Fresh install of OpenSuse (42.3) WSL. Tons of error messages about dbus.

# systemctl restart dbus
Failed to connect to bus: No such file or directory
( 58/102) Installing: logrotate-3.11.0-15.2.x86_64 .....................................................................................................................................................................................[done]
Additional rpm output:
Failed to connect to bus: No such file or directory

etc.

systemctl restart dbus

No systemctl on WSL. Landing zone is #994. Unrelated to dbus.

@therealkenc The question is what does rpm run when it has extra jobs to do after the installation. Is it also systemctl or something else?

@archon810 - missed your question. I don't use rpm based distros (much) but I gather at least SUSE 42 uses systemctl at least sometimes per #2941. rpm doesn't "run" systemctl per se. It depends on how the package maintainers decide to implement their postinstall scripts, based on whatever their platform (Ubuntu, SUSE, Fedora) prefers. For some definition of prefer. The meaning of "package maintainers" here is kind of fluid. Some upstream packages are fairly wed to systemd (with dbus and the rest). Others, less so. The distribution package maintainers try to bring the differences into some kind of semi-coherency.

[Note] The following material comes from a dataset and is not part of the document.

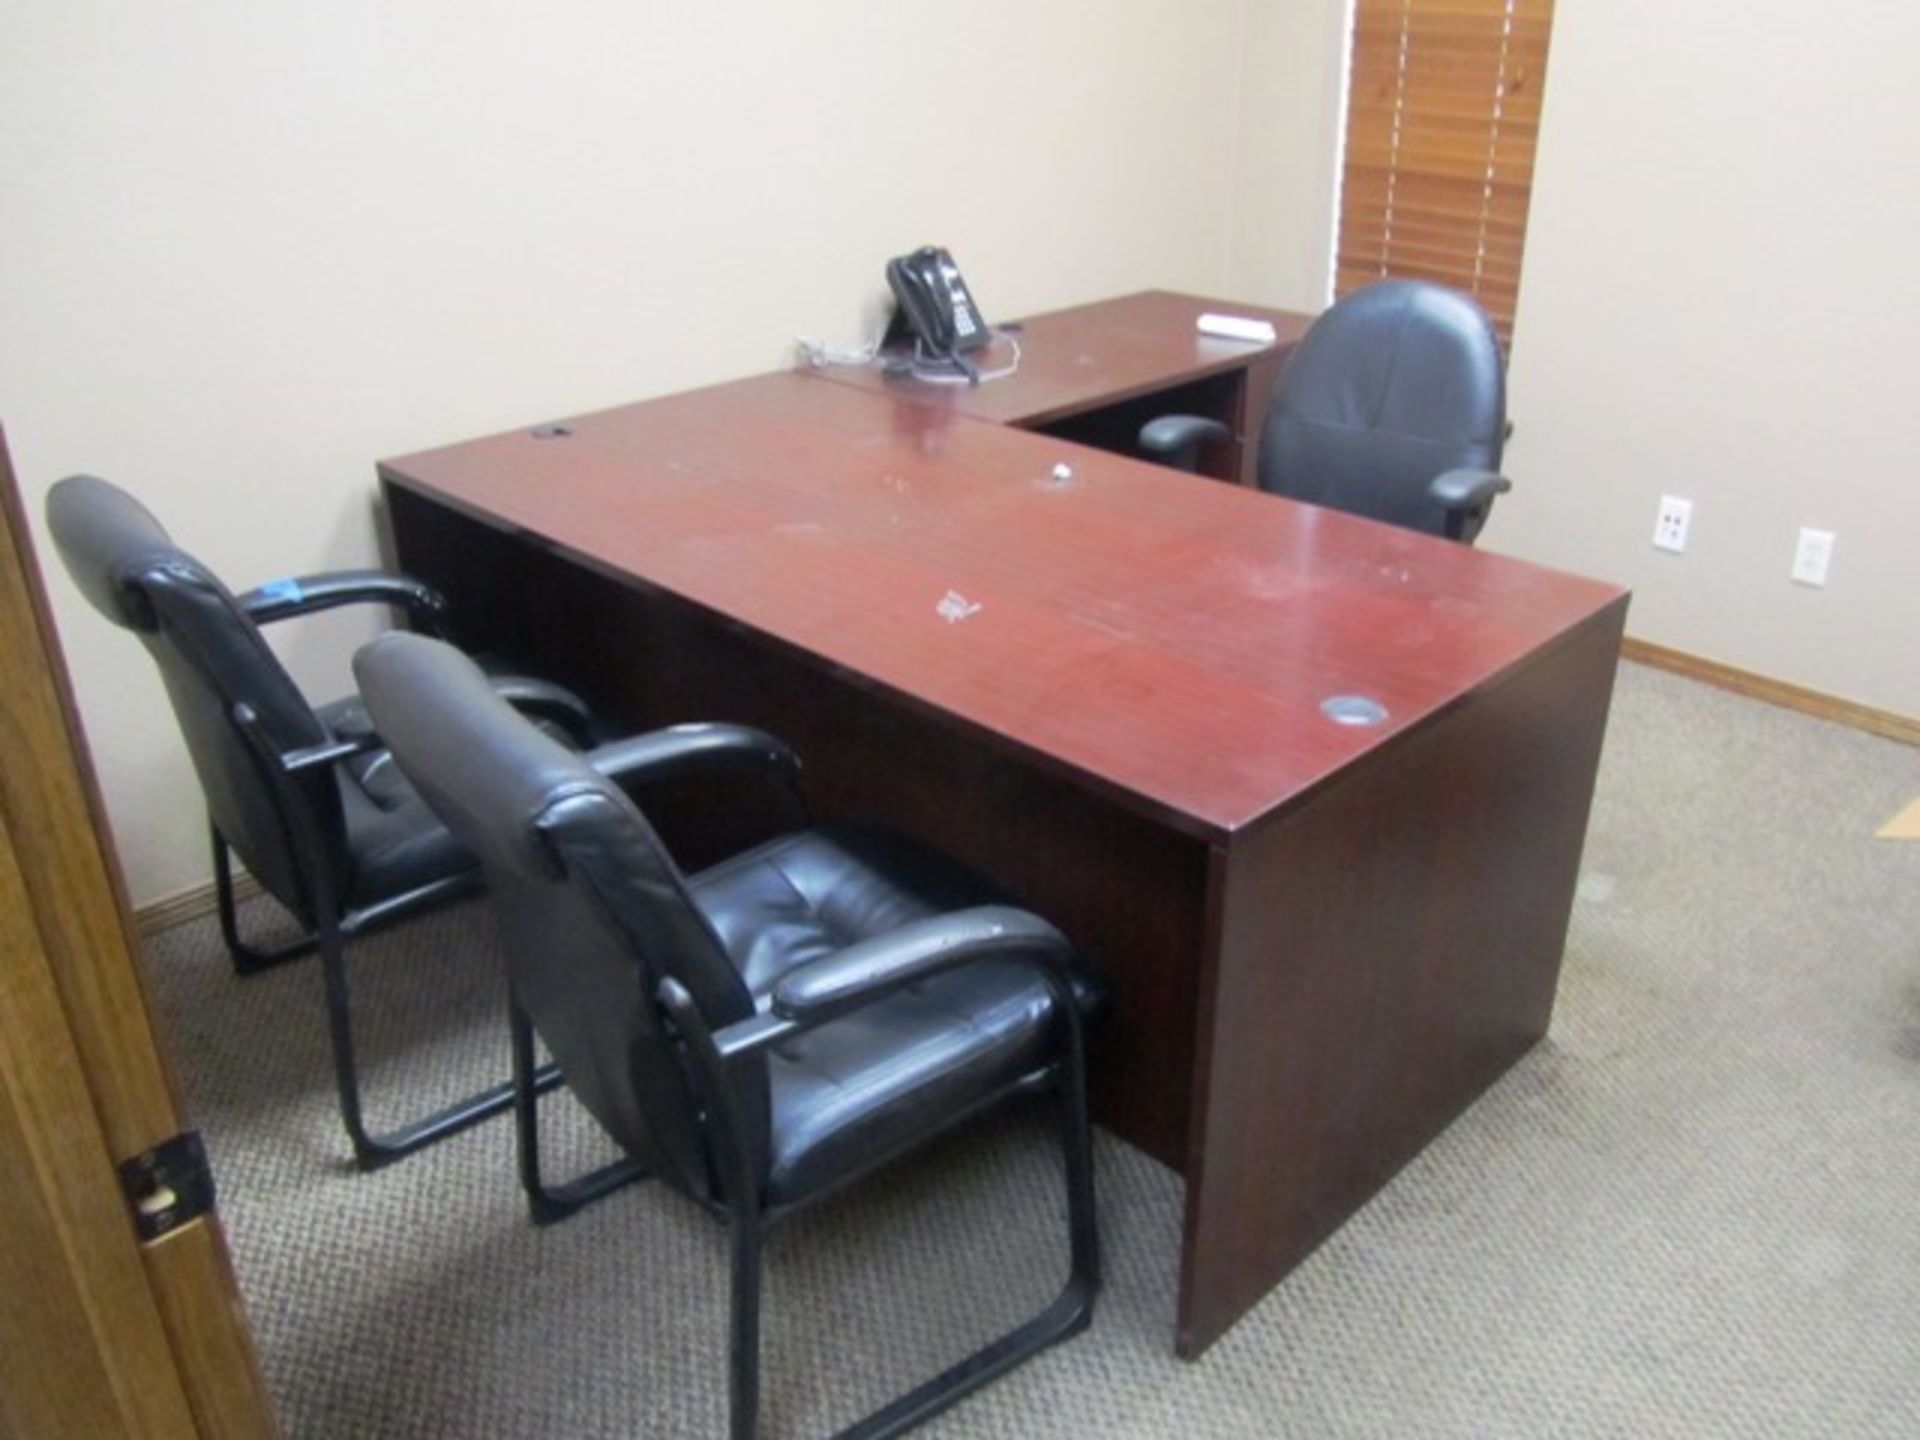 Contents of Office consisting of Desk with (3) Chairs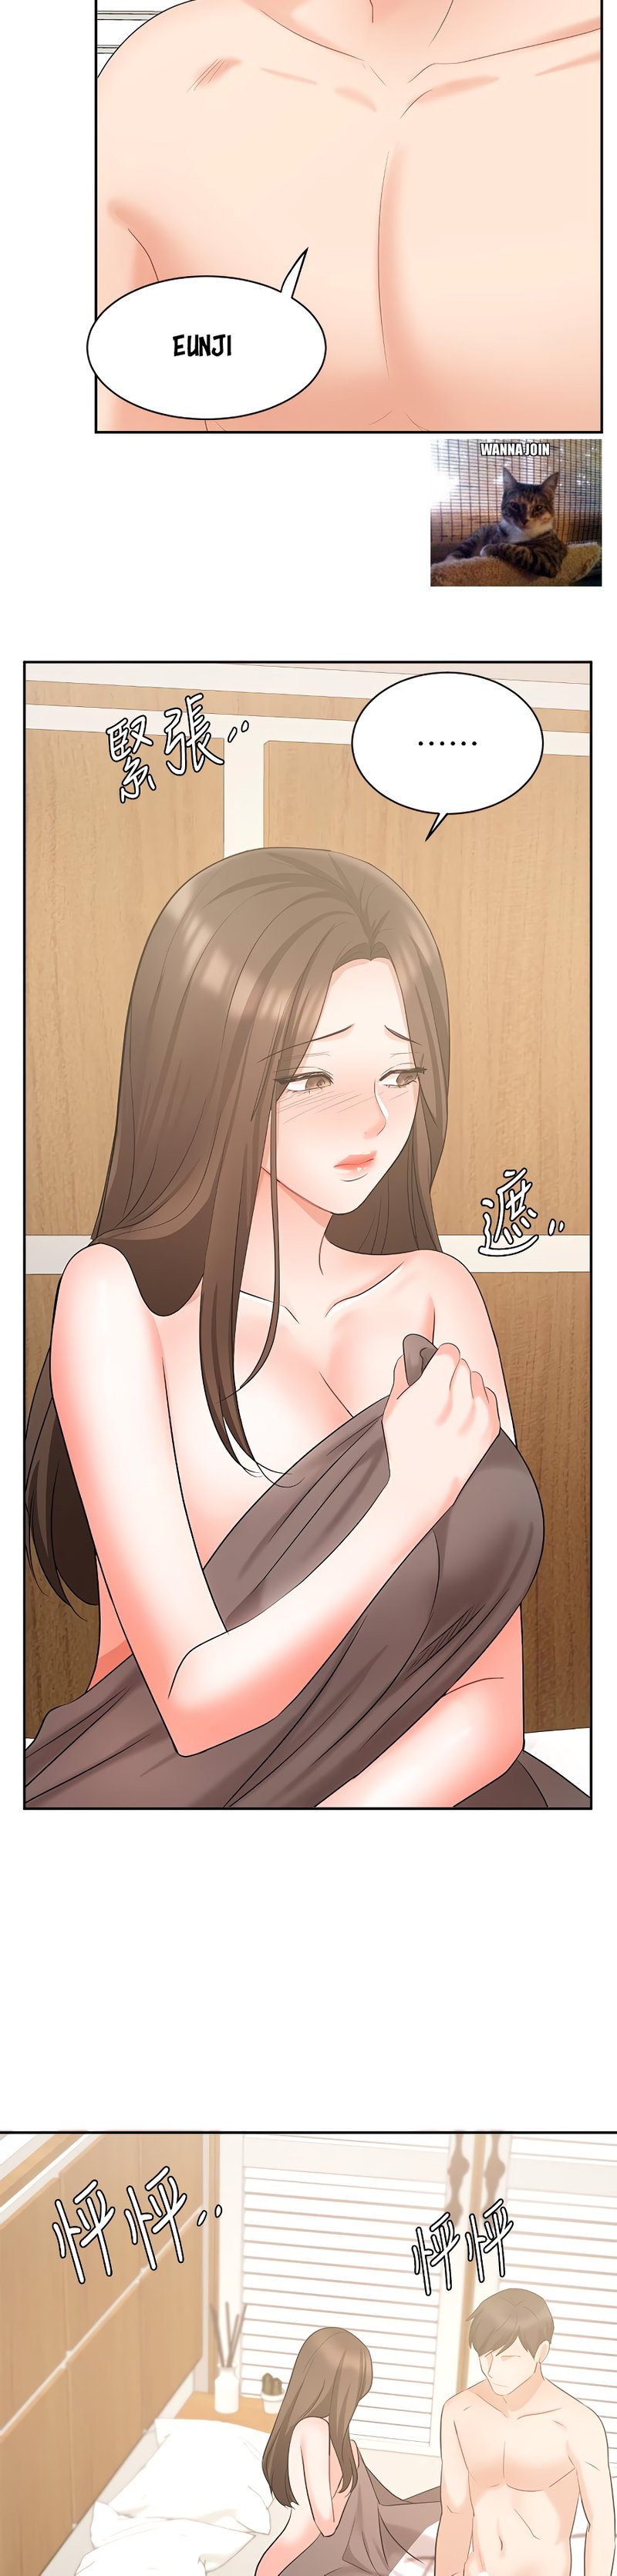 sold-out-girl-chap-43-43

the following solution worked for me:

https://x410.dev/cookbook/wsl/sharing-dbus-among-wsl2-consoles/

the only downside is having to put my password in a script.

the following solution worked for me:
https://x410.dev/cookbook/wsl/sharing-dbus-among-wsl2-consoles/
the only downside is having to put my password in a script.

systemd works in WSL2 from Windows Store. You do not need those kind of workaround anymore. See this article for more details https://devblogs.microsoft.com/commandline/systemd-support-is-now-available-in-wsl/